The pass statement acts as a null operation (it tells Python to “do nothing” so you can keep your code running while you build other parts.).
# A placeholder function
def calculate_rocket_trajectory():
pass # Come back to this once I have the math
is_emergency = True
if is_emergency:
# TODO: Add siren sounds and flashing lights
pass
else:
print("All clear.")
# Python skips the 'pass' and continues the script.
print("System scan complete.")
Docstrings
A Docstring is a literal string used to document a specific segment of code.
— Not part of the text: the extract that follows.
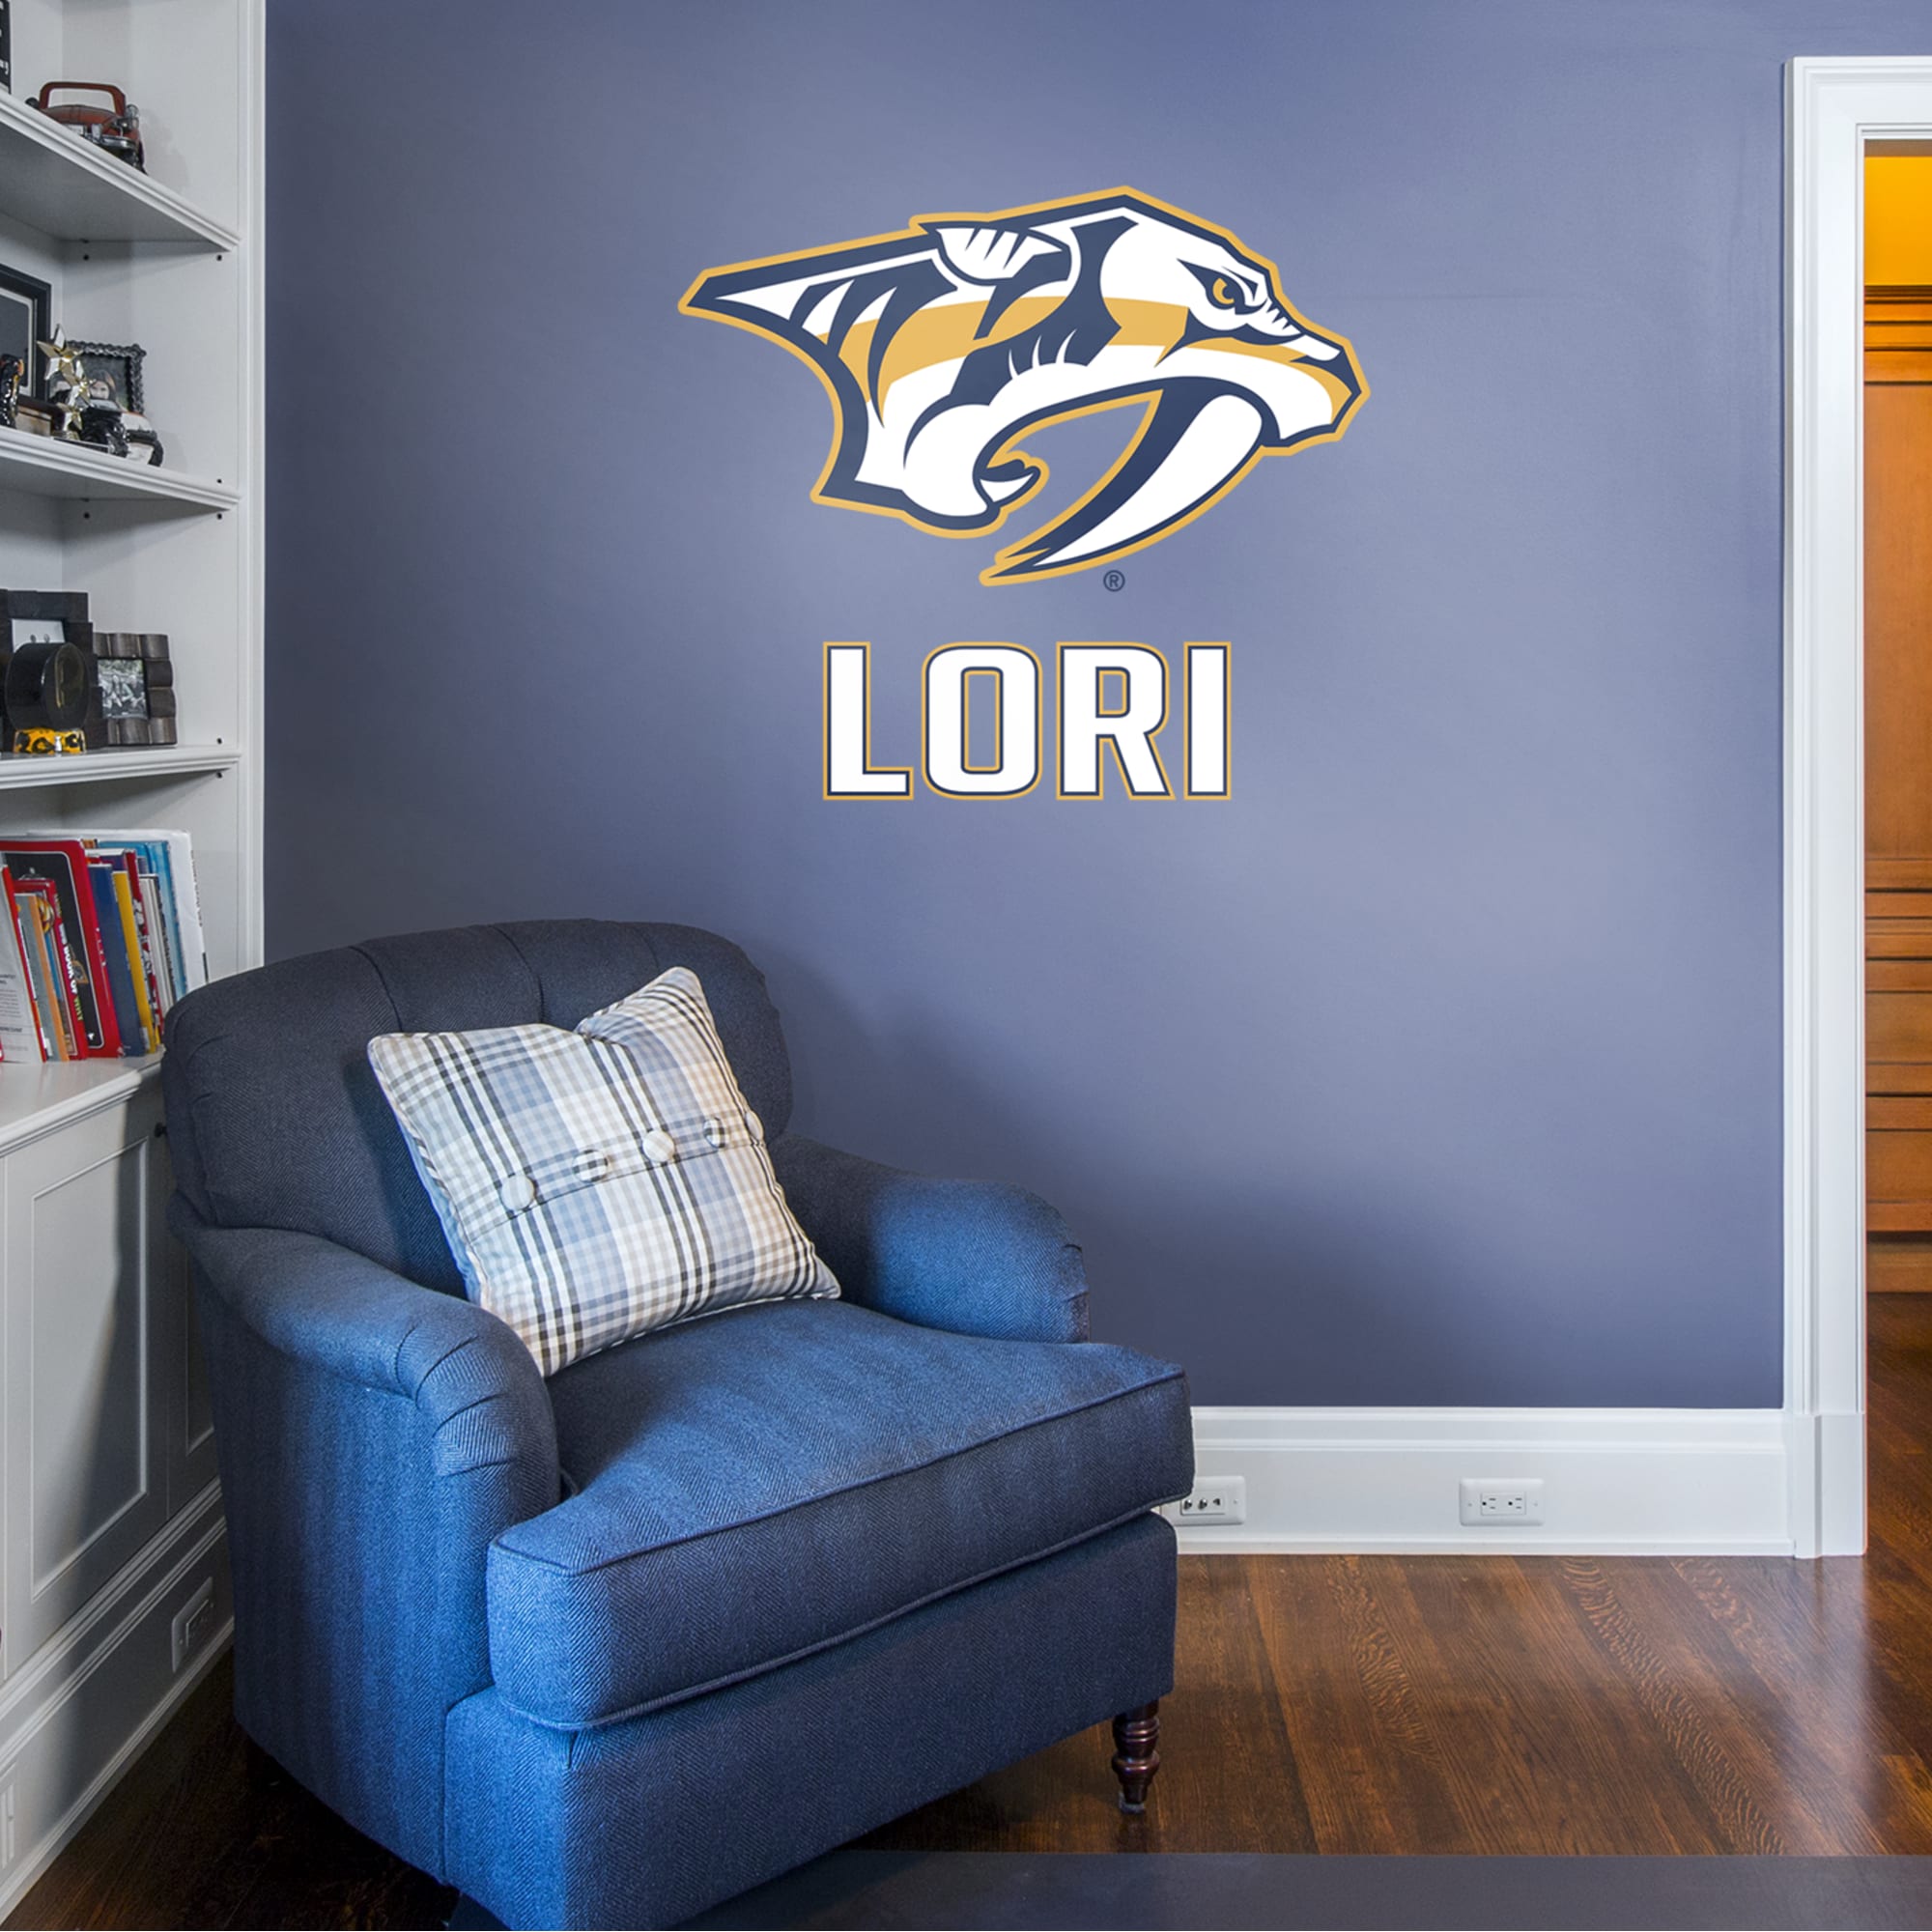 Nashville Predators: Stacked Personalized Name - Officially Licensed NHL Transfer Decal in White (39.5"W x 52"H) by Fathead | Vi
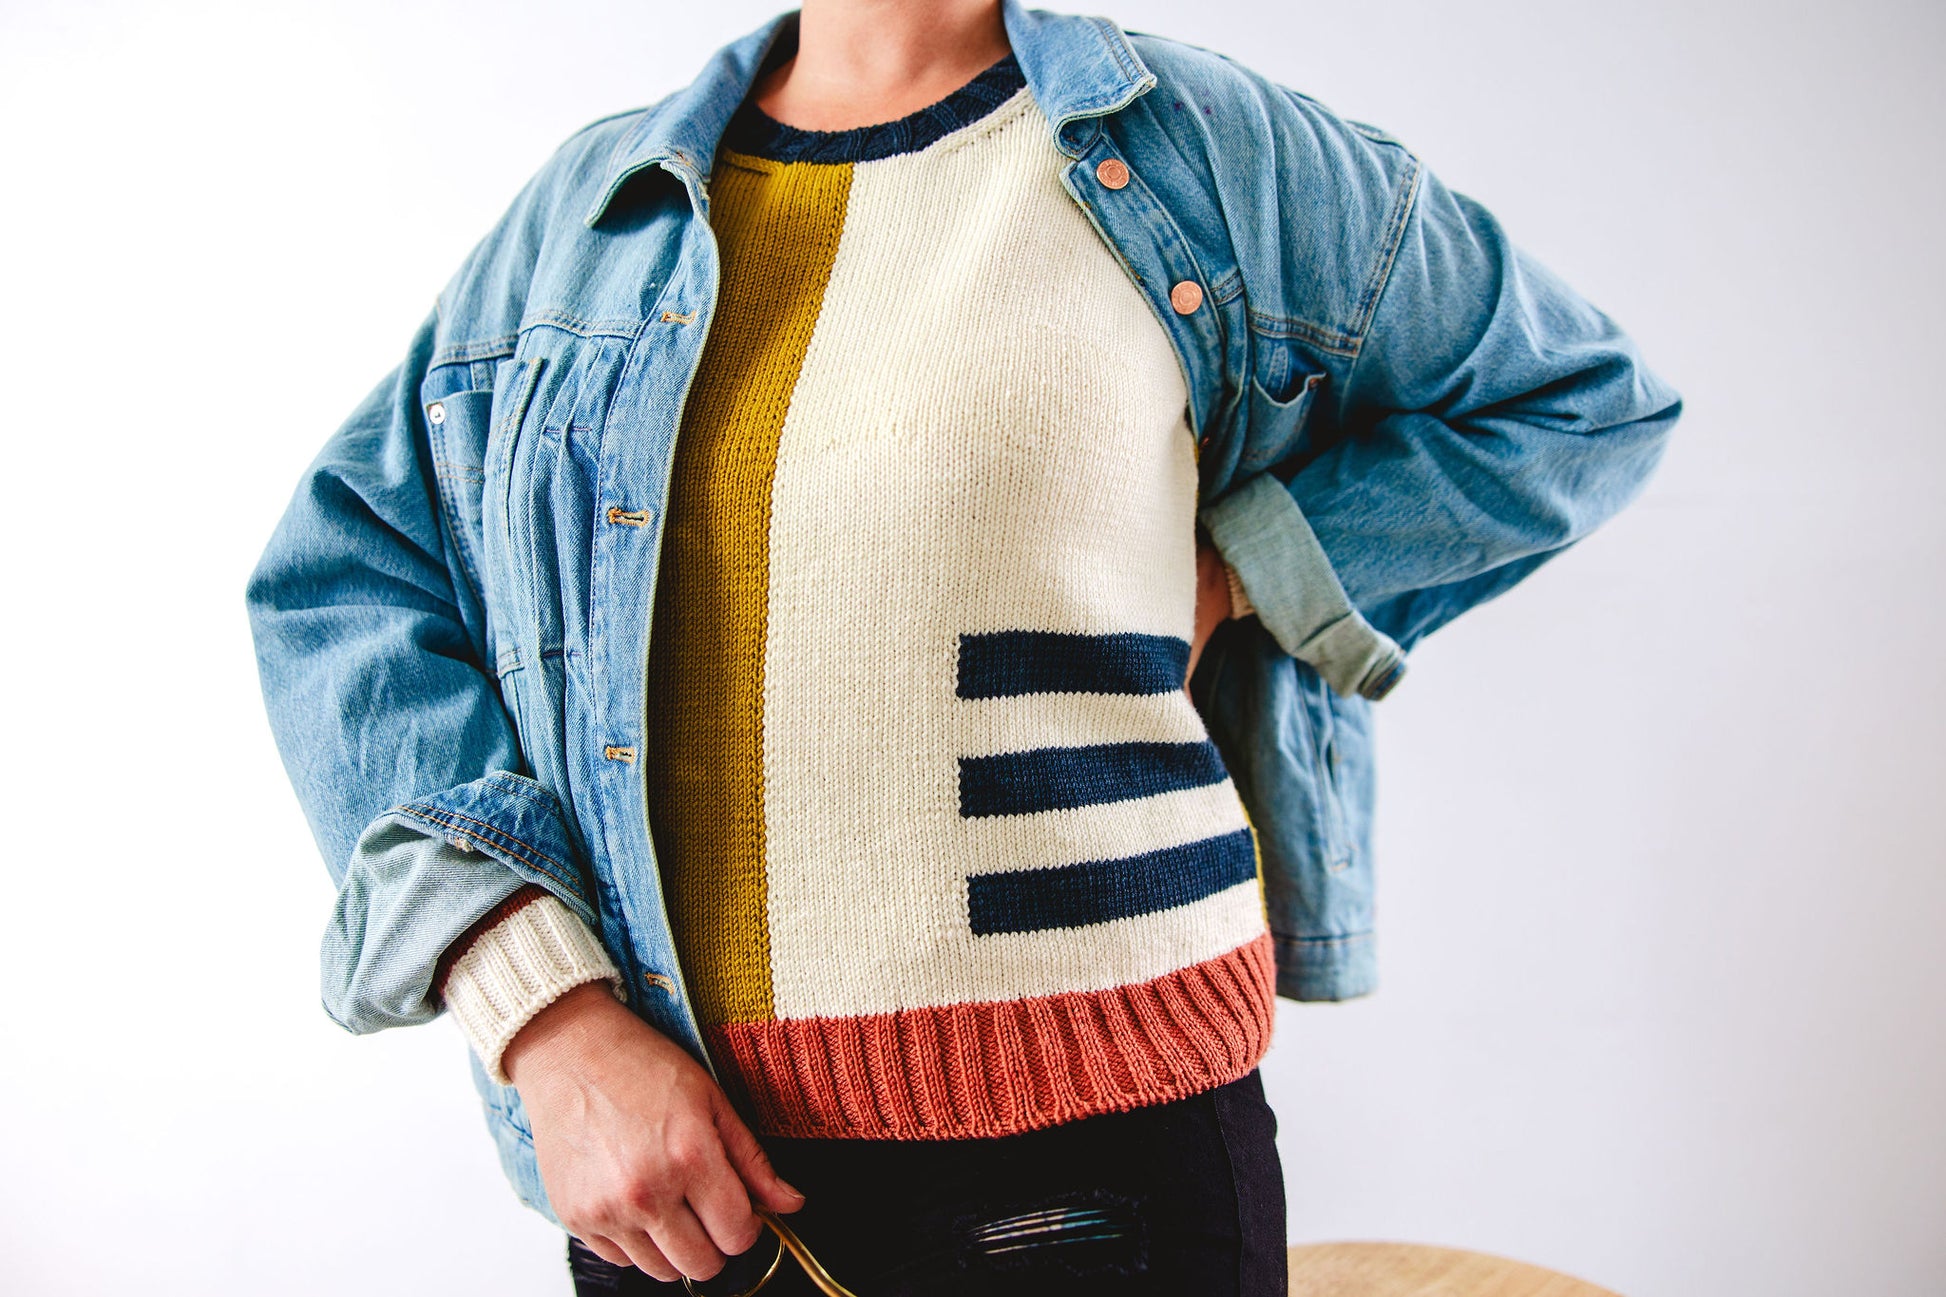 Seen from the shoulders down, Jen wears a denim jacket on top of her hand knit sweater. The sweater uses intarsia techniques to create color blocks of ochre, white, navy blue, and pink.

Unlike a regular comment (#), a docstring describes what the function does and is actually stored as part of the function’s metadata.
Why use them?
- Readability: They help others understand your logic without reading every line of code.
- Tooling: Many Code Editors (like VS Code) will show this text in a pop-up when you hover over the function name.
- Automation: Tools can automatically generate official documentation websites based on these strings.
The Syntax
Docstrings are placed immediately after the function header and are wrapped in triple double-quotes """.
def calculate_area(radius):
"""
Calculates the area of a circle given its radius.
Args:
radius (float): The distance from the center to the edge.
Returns:
float: The total area of the circle.
"""
import math
return math.pi * (radius ** 2)
# Now, if you hover over 'calculate_area' in your editor,
# you'll see the explanation above.
Accessing Docstrings via Code
Because docstrings are stored in the function object, you can actually print them out while your program is running using the __doc__ attribute:
print(calculate_area.__doc__)
While you can write anything inside a docstring, most Python developers follow a specific format (like the Google Style used in the example above). This keeps your documentation consistent as your projects grow larger.